The ASSET table has a PK (Key).
The TRANSACTION table has a composite key that is (Key, Date2, Type1, Type2, Type3).
Given the above tables let's see an example:
Input1 = 2022.04.01
Input2 = 2022.08.31
Desired result:
Key FieldOfInterest
A 41
because if the Transactions in scope was to be ordered by Date2, TType1, TType2, TType3 all ascending then the record having FieldOfInterest = 41 would be the last one.
Note that Asset B is not in scope due to Asset.Date1 < Input1, neither is Asset C because AType != T1. Ultimately I am curious about the SUM(FieldOfInterest) of all the last transactions belonging to an Asset that is in scope determined by the input variables.
The following query has so far provided the right results but after upgrading to a newer MS Access version, the LAST() operation is no longer reliably returning the row which is the latest addition to the Transaction table.
I have several input values but the most important ones are two dates, lets call them InputDate1 and
InputDate2.
This is how it worked so far:
SELECT Asset.AType, Last(FieldOfInterest) AS CurrentValue ,Asset.Key
FROM Transaction
INNER JOIN Asset ON Transaction.Key = Asset.Key
WHERE Transaction.Date2 <= InputDate2 And Asset.Date1 >= InputDate1
GROUP BY Asset.Key, Asset.AType
HAVING Asset.AType='T1'
It is known that the grouped records are not guaranteed to be in any order. Obviously it is a mistake to rely on the order of the records of the group by operation will always keep the original table order but lets just ignore this for now.
I have been struggling to come up with the right way to do the following:
join the Asset and Transaction tables on Asset.Key = Transaction.Key
filter by Asset.Date1 >= InputDate1 AND Transaction.Date2 <= InputDate2
then I need to select one record for all Transaction.Key where Date2 and TType1 and TType2 and TType3 has the highest value. (this represents the actual last record for given Key)
As far as I know there is no way to order records within a group by clause which is unfortunate.

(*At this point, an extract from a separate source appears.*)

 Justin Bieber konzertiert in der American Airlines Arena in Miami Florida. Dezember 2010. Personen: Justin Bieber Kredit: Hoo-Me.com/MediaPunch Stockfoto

I have tried Ranking, but the Transactions table is large (800k rows) and the performance was very slow, I need something faster than this. The following are an example of three saved queries that I wrote and chained together but the performance is very disappointing probably due to the ranking step.
-- Saved query step_1
SELECT Asset.*, Transaction.*
FROM Transaction
INNER JOIN Asset ON Transaction.Key = Asset.Key
WHERE Transaction.Date2 <= 44926
AND Asset.Date1 >= 44562
AND Asset.aType = 'T1'
-- Saved query step_2
SELECT tr.FieldOfInterest, (SELECT Count(*) FROM
(SELECT tr2.Transaction.Key, tr2.Date2, tr2.Transaction.tType1, tr2.tType2, tr2.tType3 FROM step_1 AS tr2) AS tr1
WHERE (tr1.Date2 > tr.Date2 OR
(tr1.Date2 = tr.Date2 AND tr1.tType1 > tr.Transaction.tType1) OR
(tr1.Date2 = tr.Date2 AND tr1.tType1 = tr.Transaction.tType1 AND tr1.tType2 > tr.tType2) OR
(tr1.Date2 = tr.Date2 AND tr1.tType1 = tr.Transaction.tType1 AND tr1.tType2 = tr.tType2 AND tr1.tType3 > tr.tType3))

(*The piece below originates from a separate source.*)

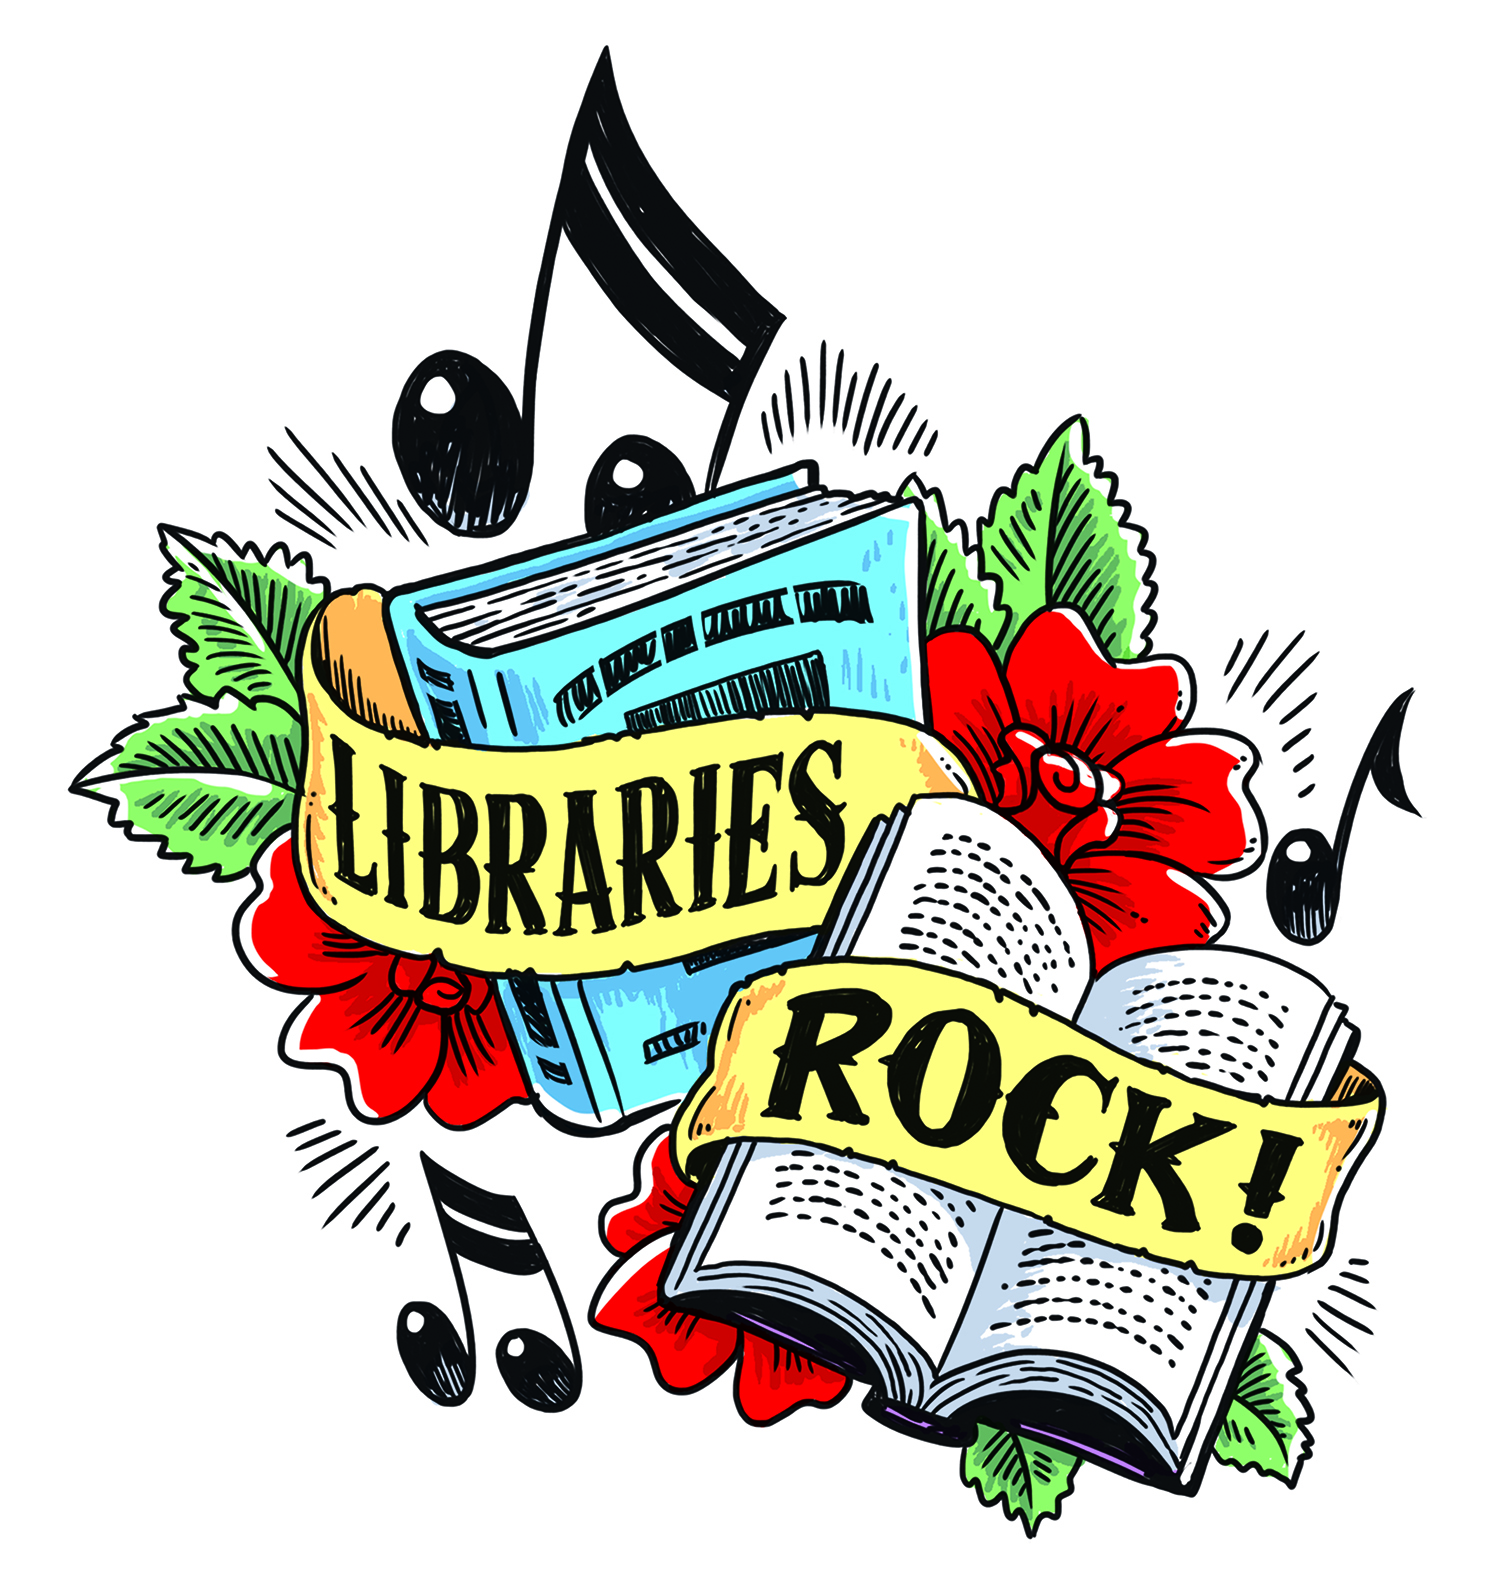 Libraries rock logo image

AND tr1.Key = tr.Transaction.Key)+1 AS Rank
FROM step_1 AS tr
-- Saved query step_3
SELECT SUM(FieldOfInterest) FROM step_2
WHERE Rank = 1
I hope I am being clear enough so that I can get some useful recommendations. I've been stuck with this for weeks now and really don't know what to do about it. I am open for any suggestions.

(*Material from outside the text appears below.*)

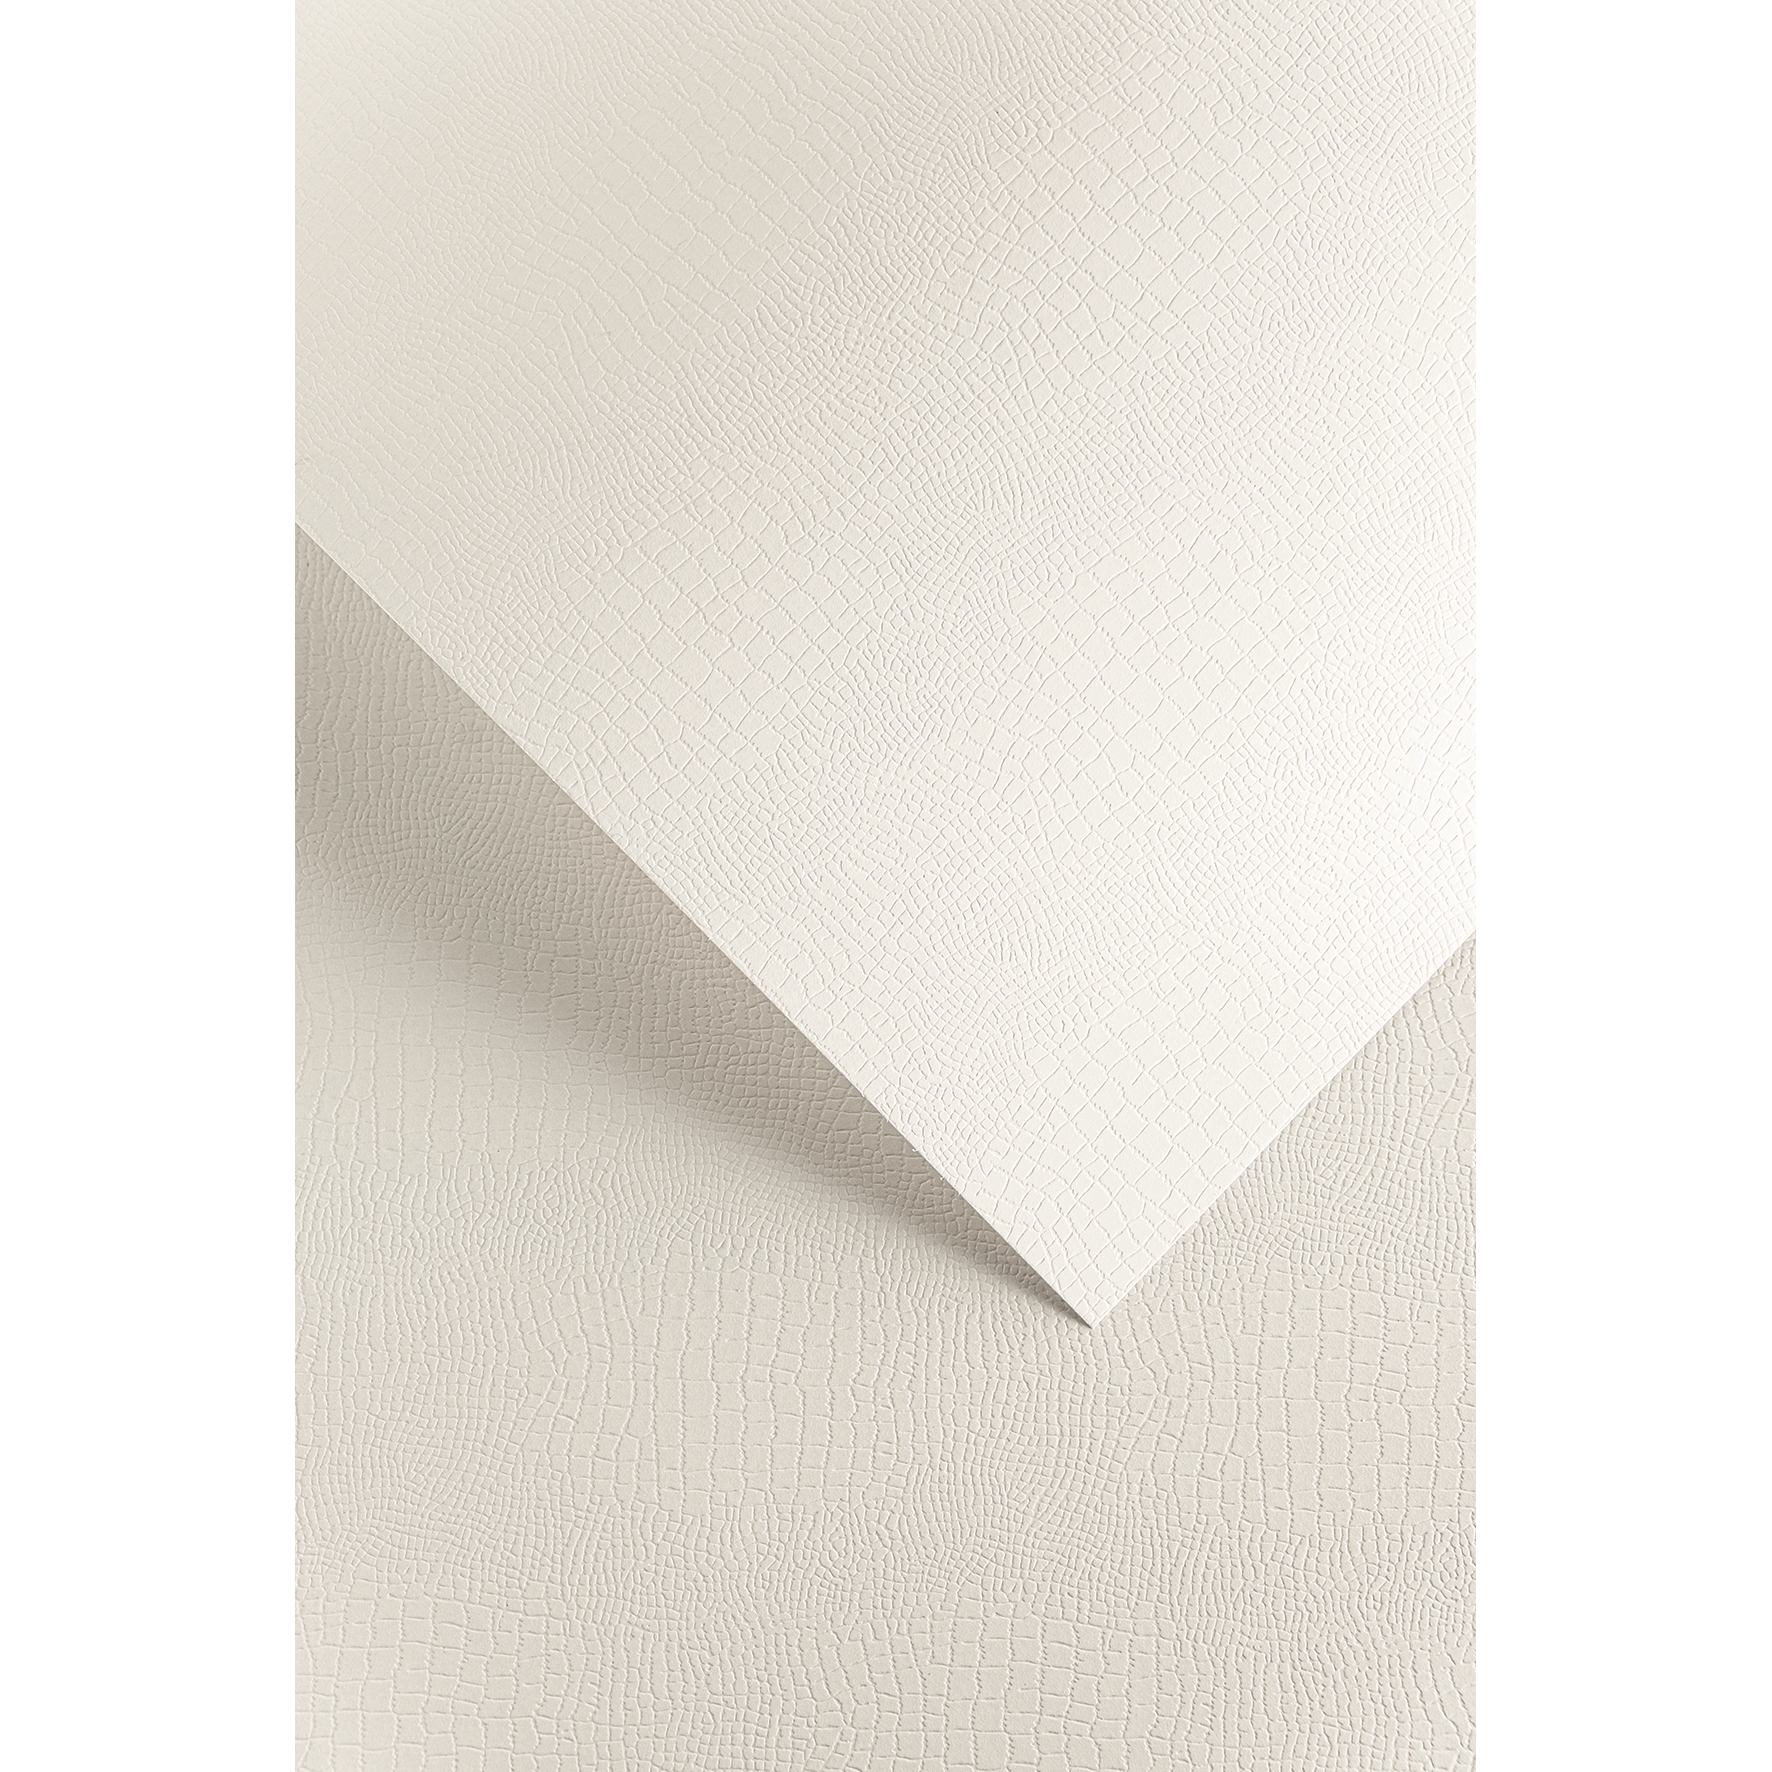 Ozdobný papír Borneo, bílý, 220g, 20ks

Reading the following specification
then I need to select one record for all Transaction.Key where Date2 and TType1 and TType2 and TType3 has the highest value. (this represents the actual last record for given Key)
Consider a simple aggregation for step 2 to retrieve the max values then in step 3 join all fields to first query.
Step 1 (rewritten to avoid name collision and too many columns)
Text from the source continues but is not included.